Extended Human to Human H5N1 Transmission in North Sumatra

Recombinomics Commentary

May 23, 2006

The case occurred in a 32-year-old man. He developed symptoms on 15 May and died on 22 May.

The case is part of a family cluster in the Kubu Sembelang village, Karo District, of North Sumatra.

His 10-year-old son died of H5N1 infection on 13 May. The father was closely involved in caring for his son, and this contact is considered a possible source of infection.

Although the investigation is continuing, preliminary findings indicate that three of the confirmed cases spent the night of 29 April in a small room together with the initial case at a time when she was symptomatic and coughing frequently. These cases include the woman's two sons and a second brother, aged 25 years, who is the sole surviving case among infected members of this family.
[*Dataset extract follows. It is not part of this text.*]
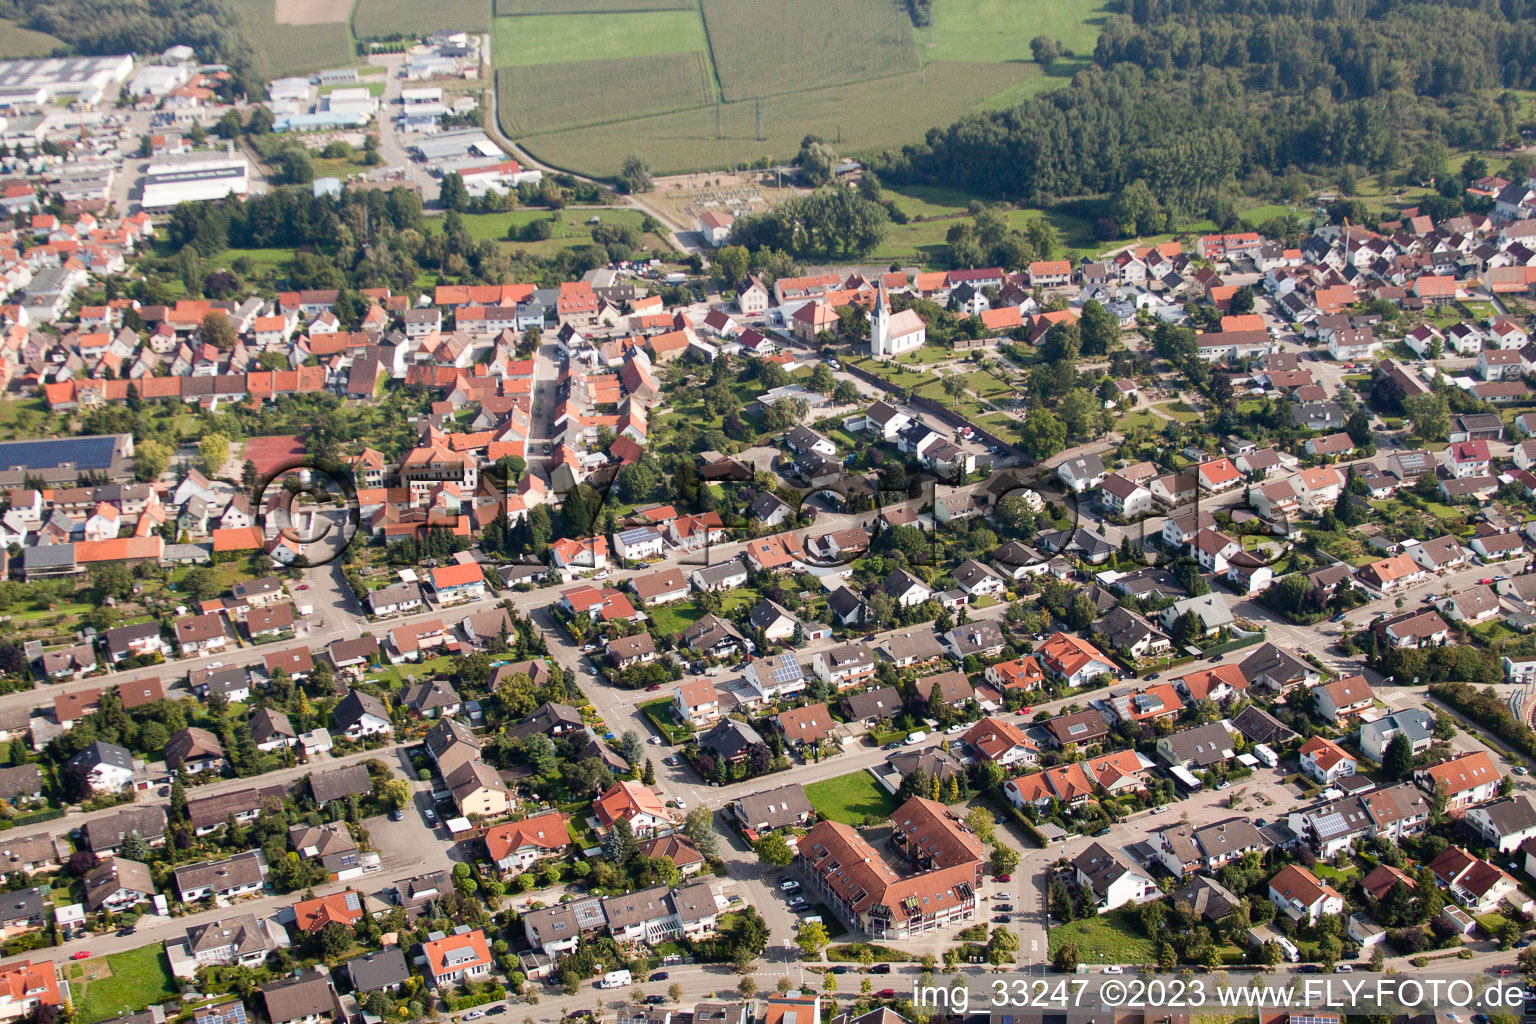 Drone recording of District Hochstetten in Linkenheim-Hochstetten in the state Baden-Wuerttemberg, Germany

Other infected family members lived in adjacent homes.

The above WHO description of the North Sumatra familial cluster suggests that H5N1 bird flu was transmitted human-to-human (H2H) through three generations.  Most H2H of H5N1 has a 2-4 day incubation period, which explains the 5-10 day gap between the index case and other family members in the vast majority of clusters since 2004. The incubation range would explain all of the transmissions in the above Indonesian cluster.

The index case developed symptoms on April 27 and was symptomatic and coughing on April 29 when she could have infected her two sons (19M and 18M) and one brother (25M) generating H2H..  Media reports indicated they developed symptoms at the beginning of May, consistent with a 2-4 day incubation period.  Disease onset dates were not included in the earlier WHO update.
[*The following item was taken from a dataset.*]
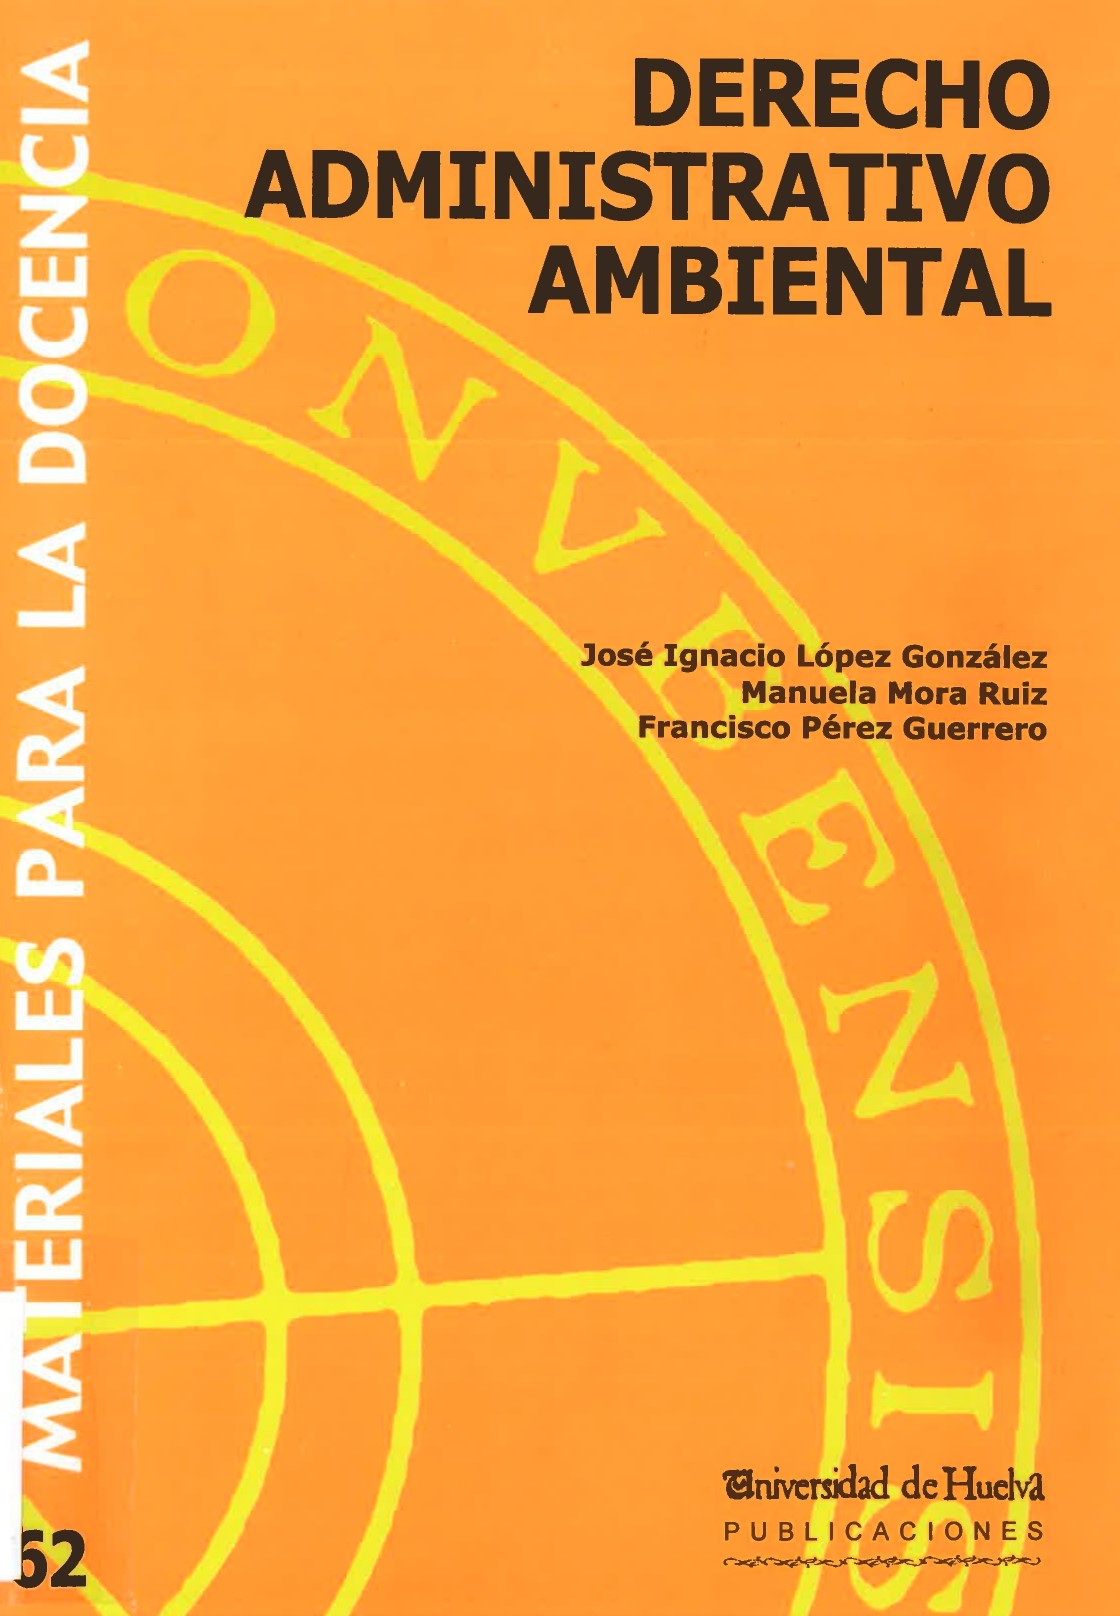 Imagen de portada del libro Derecho Administrativo Ambiental

The index case died May 4 so additional family members could have been infected at that time by the members who developed symptoms at the beginning of May.  The new infections would extend the chain to H2H2H.  Included would have be the nephew of the index case (10M) who died May 13. The nephew could have then infected his father (32M) who developed symptoms on May 15.  This last infection would extend the chain to H2H2H2H.
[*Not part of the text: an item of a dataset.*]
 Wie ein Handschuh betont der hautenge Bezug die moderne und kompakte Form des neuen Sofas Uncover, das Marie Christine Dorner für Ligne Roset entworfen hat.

The above scenario requires no tortured logic or unusual incubation times.  This is in marked contrast to WHO updates, which tried to explain clusters using common source and incubation times that fell outside of the 2-4 day period, which explains the extended chain above.

One earlier example was in late December of 2004.  It also involved a family gathering and the cases were linked to duck blood pudding.  However, the index case developed symptoms one day after the meal, which requires an unusually short incubation time.  His brother developed symptoms 17 days after the meal, requiring an unusually long incubation.  The brother-in-law who was the third person to eat the pudding developed no symptoms or detectable antibody.  A third brother who did not eat the pudding did develop antibodies.  The epidemiological data clearly pointed away from the duck blood pudding as a source, yet WHO subsequently used the 17 day incubation period as an outside value for incubation times.

The same logic was applied to another cluster that also involved duck blood pudding.  The index case developed symptoms 5 days after the meal and his younger sister developed symptoms 10 days after the meal.  The older sister who also had the pudding developed no symptoms or detectable antibody, but the grandfather who did not eat the pudding had antibodies and the nurse of the index case developed symptoms and was H5N1 positive.  Another nurse also developed symptoms, but she tested negative.

These two clusters and almost all familial clusters from Vietnam, Thailand, Cambodia, Indonesia, China, Turkey, Iraq, and Azerbaijan have the same 5-10 day gap and are readily explained using a 2-4 day incubation period coupled with transmission 2-6 days after symptoms.

The H5N1 transmission chain of H2H2H2H is among the longest reported, and generates yet another signal indicating the H2H transmission within families is common and several recent clusters are uncommonly large and have uncommonly long H2H transmission chains.

The H2H transmission placed the pandemic phase at four or higher over a year ago and the "proof" of H2H has been in the disease onset dates in the WHO updates since early 2004.